Gaming

Witcher 3 Fans Think New Patch Gameplay Change Breaks Immersion


CD Projekt Red just released a new patch for its open world RPG Witcher 3: The Wild Hunt. However, players aren’t happy with all of the changes. One of the most controversial ones is the ability to auto-apply your oils instead of doing so manually before engaging with a monster. Players are concerned that automating this process takes away from the experience of being a monster hunter.

This is all very silly because the 4.03 patch notes clearly state that auto-oiling your weapons is an “option.” So players who don’t want the computer to automatically oil their weapons probably don’t even have to turn on the feature.Meaning that you could probably still oil all your swords by hand if you really wanted to.

Oils are an item that allows Geralt to deal bonus damage against certain types of enemies. For example, the Hanged Man Venom is more effective against humans. Draconid oil is effective against draconic enemies, and so on. These oils only last a specific number of hits, which means that players will have to constantly re-apply them if they’re facing a particularly tough monster.
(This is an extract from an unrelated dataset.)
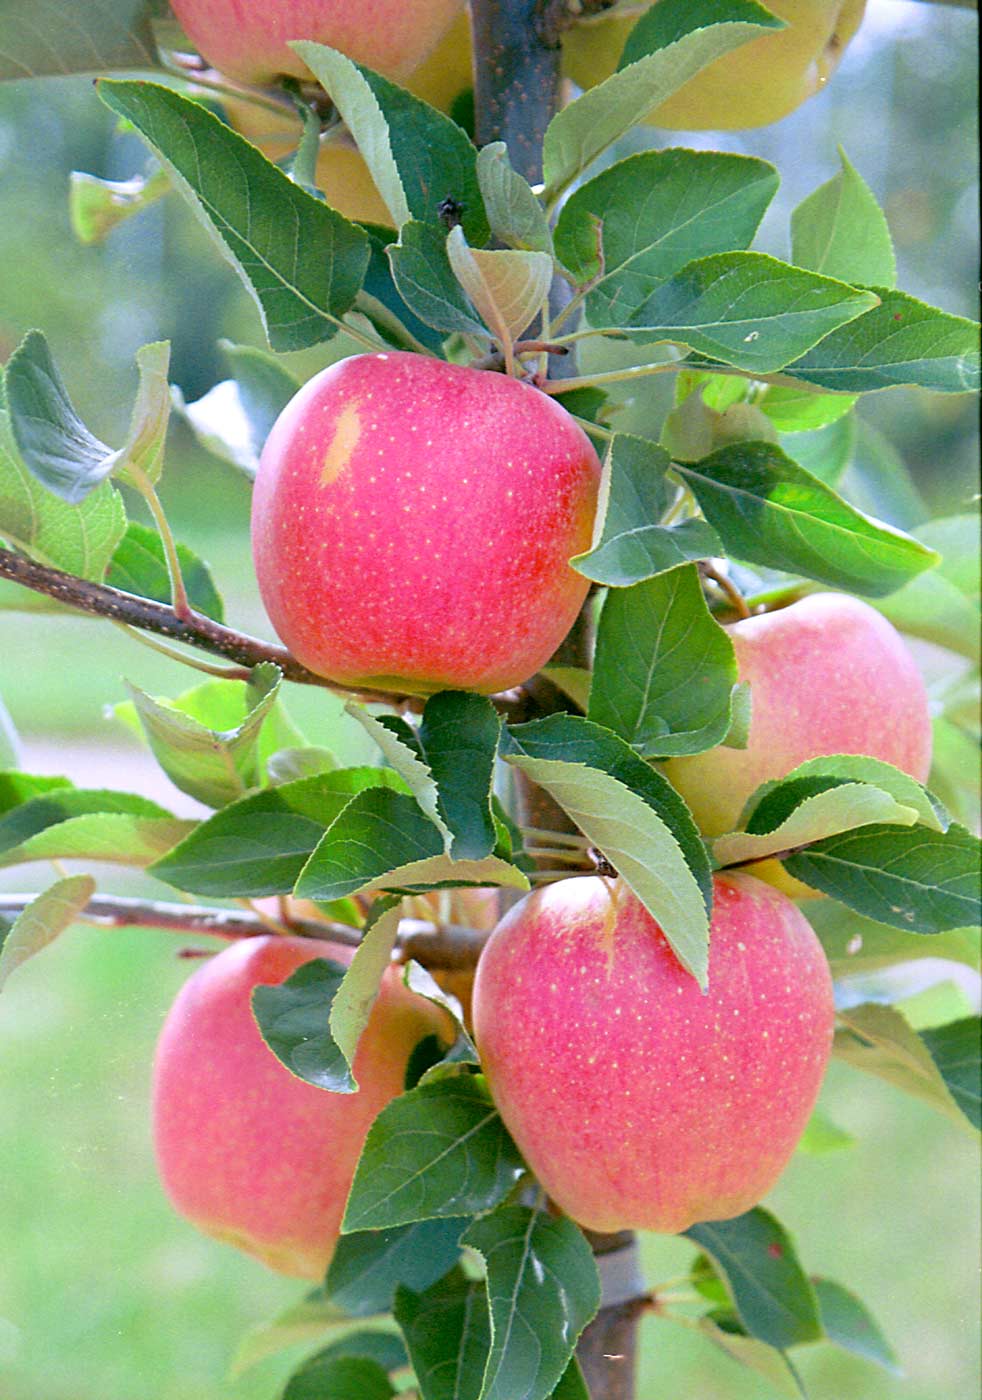 Firecracker, a new release from the Cornell AgriTech apple breeding program, has a unique combination of acidity and sweetness that makes it a good candidate for fresh use, baking and hard cider production. (Courtesy Kevin Maloney/Cornell University)

“The idea was that you were supposed to research a monster before you fought it and come prepared,” wrote one Redditor on the Witcher 3 subreddit. “As such, you could not apply oils in combat. But there was a bug on PC where you could click and drag an oil to your sword and it would still apply [during combat]. Instead of fixing the bug on PC, CDPR just removed the block on applying oils in combat, pushing the game’s combat design philosophy in the direction of a generic hack and slash game.” Others pointed out that Geralt gets jumped by wandering enemies a lot, which leaves him no room to prepare oils in advance.

Another player pointed out that this is a pointless hill to die on when we make so many other realism concessions for a smoother gameplay experience. “The game asks you to craft oils once and never again. The game automatically fills out the bestiary for you,” they wrote. “Auto-applied oils was just the next logical step in a game where slowly but surely everything that made the bestiary and oil system stopped mattering.”

Besides, the community already has an auto-oil mod that’s been downloaded over 1,500,000 times. It’s clear that being able to apply your oil automatically is something that a lot of players do want from their Witcher 3 experience. The difference now is that they can turn it on natively instead of having to learn how to install a mod. Players praised the mechanic for saving them a trip to the inventory.

More importantly: Players should be able to play their game how they want, and stop wringing their hands on how other people choose to experience Witcher 3, a game that most fans have replayed countless times before. If there’s a legitimate grievance in here, it’s probably that the latest patch is causing some hiccups with players’ existing mods. Which is unfortunate, but developers can’t possibly account for every possible mod that fans create.

“Don’t apply oils in combat if you want the extra challenge,” a fan wisely wrote. “You act like a CDPR goon is at your house holding a gun to your head making sure you enable these settings.”